Lipitor is available in tablets of 10, 20, 40, and 80 mg. The prescription depends on the severity of the condition and the patient’s response to the treatment. Lipitor is to be taken once daily, usually starting with 10-20 mg per day. It can be taken any time of the day, with our without any food intake.
There are a number of drugs that Lipitor can potentially react with and cause unwanted and undesirable consequences. In some cases, these consequences can even be life threatening if not dealt with carefully. Some medicines you need to tell your doctor about if you are taking them with Lipitor are as follows
diltiazem (Cartia, Cardizem)
antibiotics like Biaxin or Erythrocin
antifungal medicines such as Diflucan, Sporanox, Nizoral, or Vfend
HIV medications like Norvir, Kaletra, or Invirase
medicines containing niacin such as Advicor, Niacor, Simcor,
drugs that weaken your immune system, like steroids, cancer medicine, etc.
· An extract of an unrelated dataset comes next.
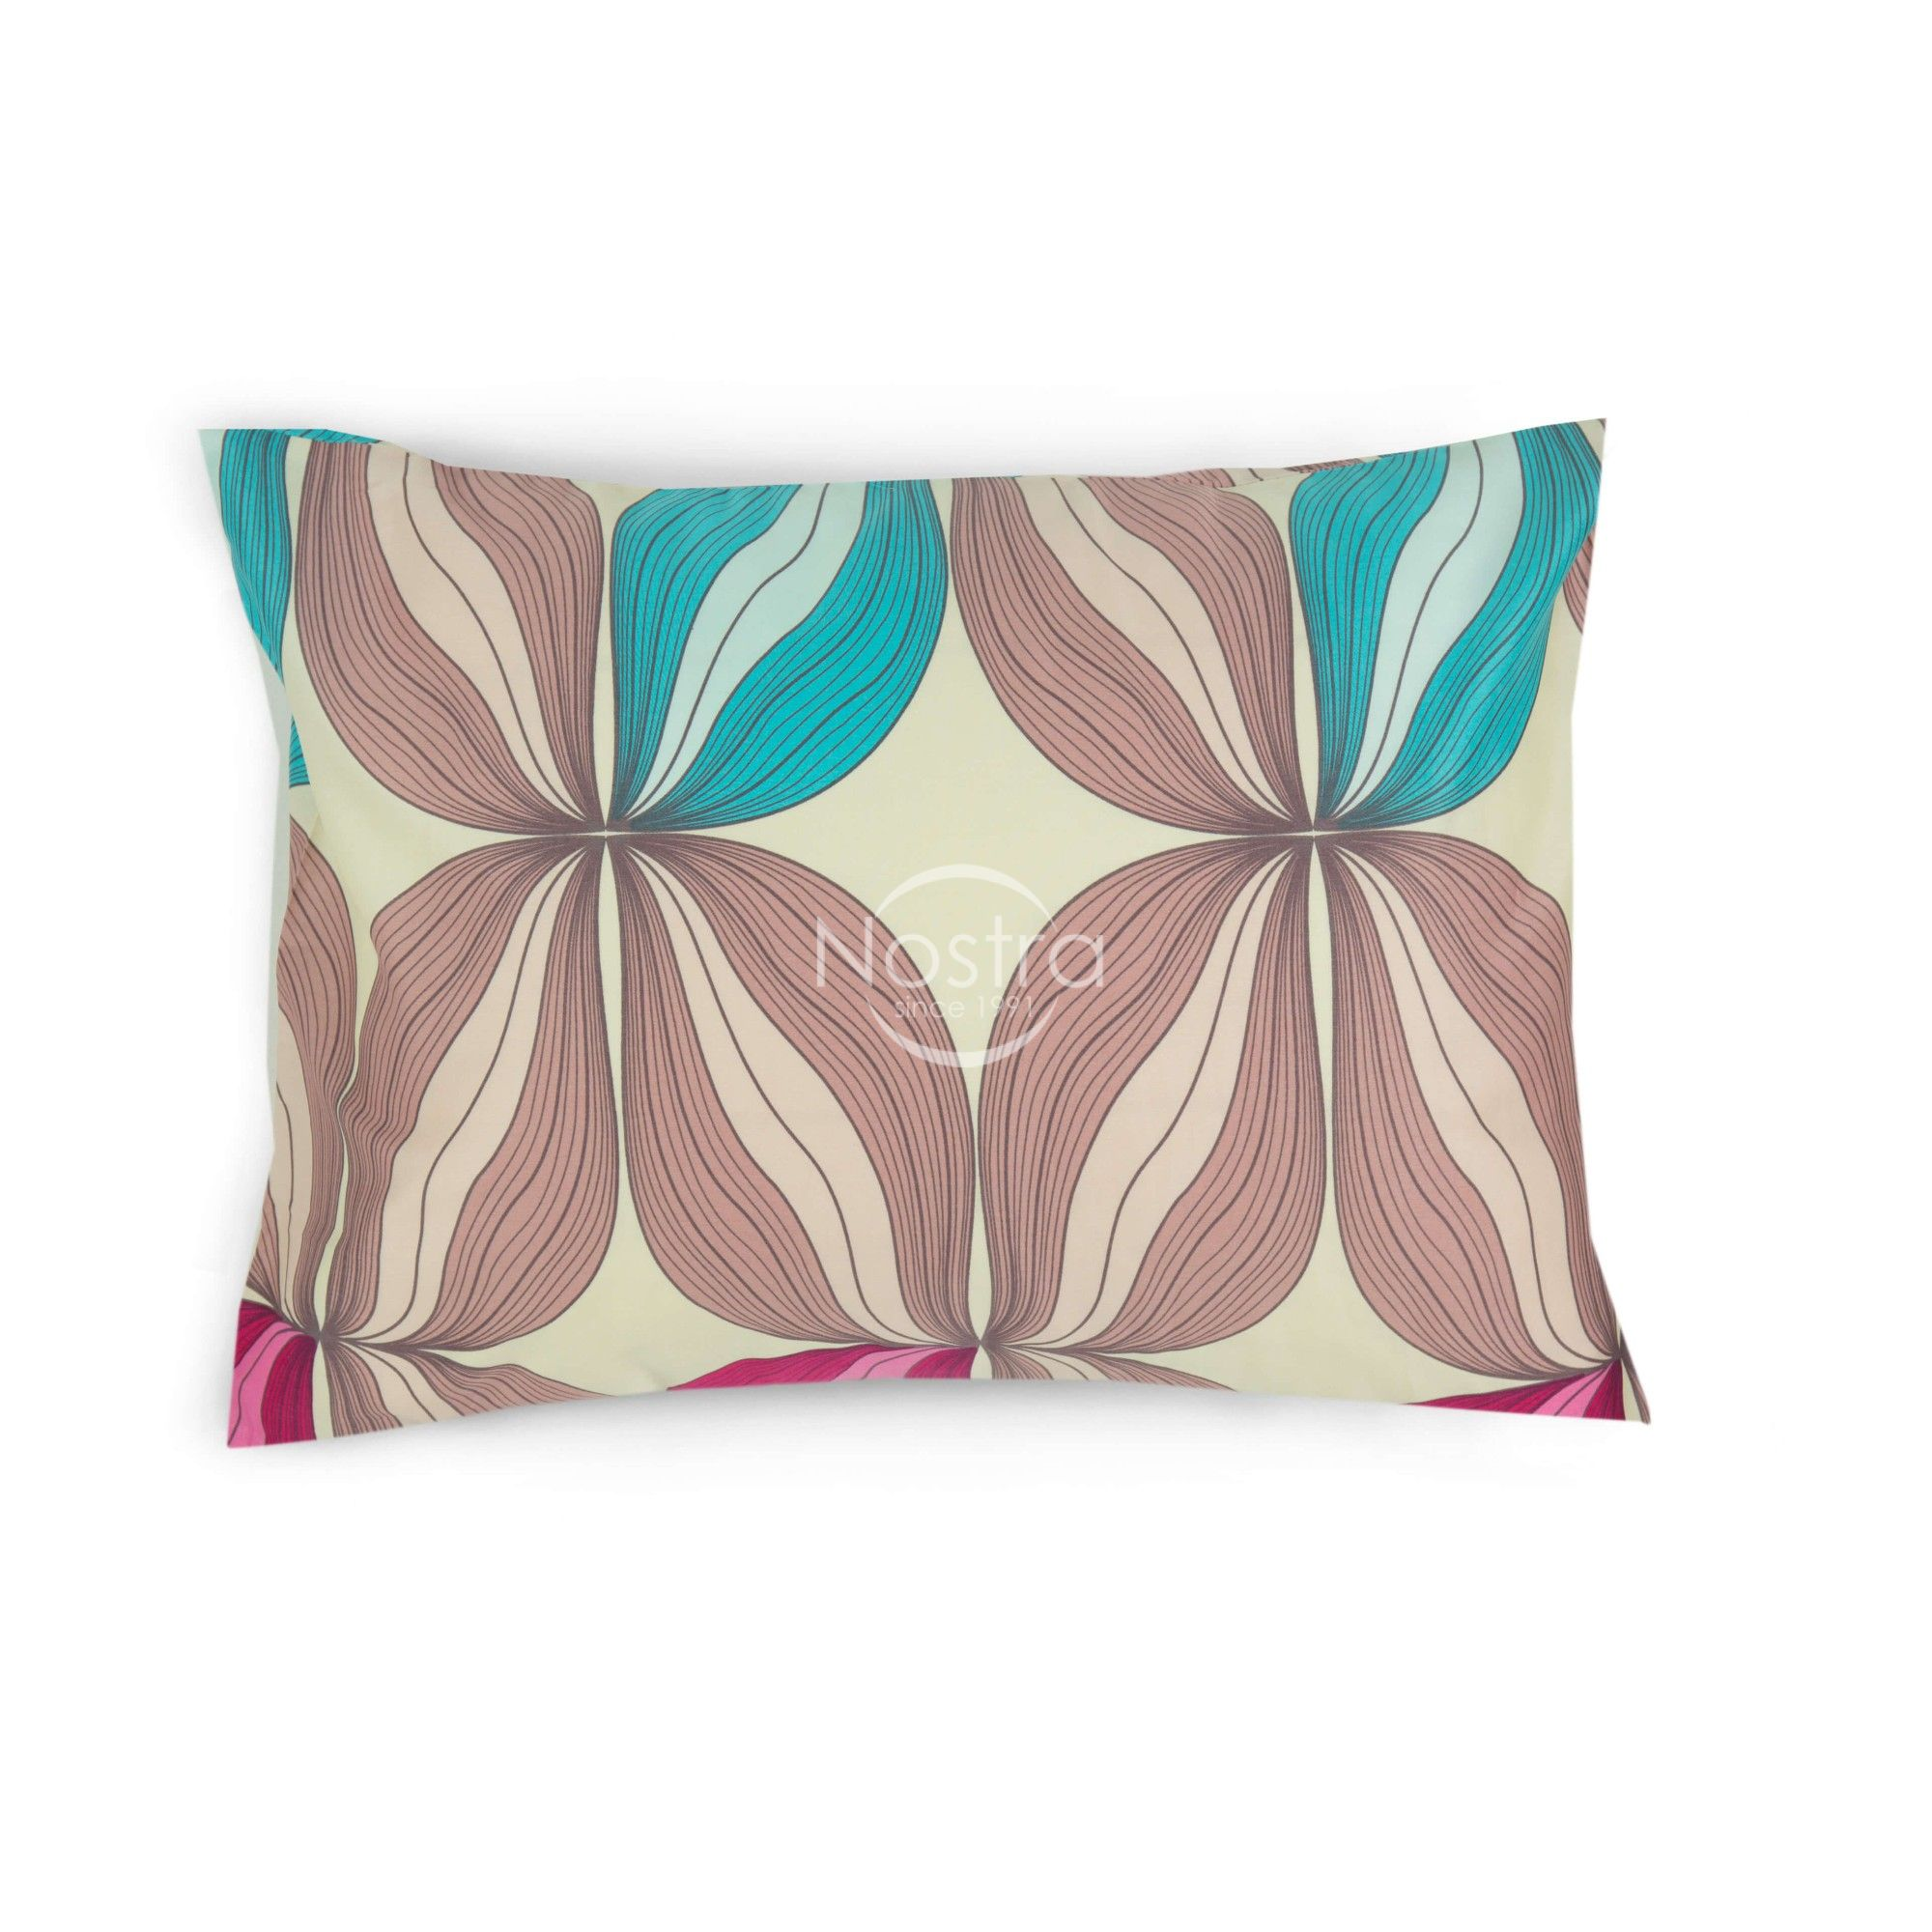 Satino pagalvės užvalkalas 40-0737-BEIGE 50x70 cm

Possible side effects of atorvastatin
Rare cases of muscle problems and liver problems have been associated with the use of atorvastatin and other similar medicines. Contact your doctor immediately if you experience unexplained muscle pain, tenderness, or weakness, especially if accompanied by a fever or flu like symptoms or yellowing of the skin or eyes, abdominal pain, unexplained fatigue, dark colored urine or pale colored stools. These may be early symptoms of muscle or liver problems.
If you experience any of the following serious side effects, stop taking atorvastatin and seek emergency medical attention or contact your doctor immediately:
- an allergic reaction (difficulty breathing; closing of the throat; swelling of the lips, tongue, or face; or hives);
- decreased urine or rust-colored urine; or
- blurred vision.
- Other, less serious side effects may be more likely to occur. Continue to take atorvastatin and talk to your doctor if you experience
- upset stomach or flatulence; or
- a rash.
Frequently Asked Questions
Q: Who should not take Lipitor tablets?
A: Do not take Lipitor tablets if you are pregnant or are planning to become pregnant. You should not take Lipitor even if you are breast feeding, have some liver problems or are simply allergic to Lipitor or its ingredients.
Q: When is the best time to take Lipitor?
A: Lipitor tablets should be taken once a day. They can be taken both with and without food, any time of the day. However, it is better to take them at about the same time every day.
Q: Can Lipitor be prescribed to children?
A:No, Lipitor is not approved by the FDA for use in children younger than 10 years of age.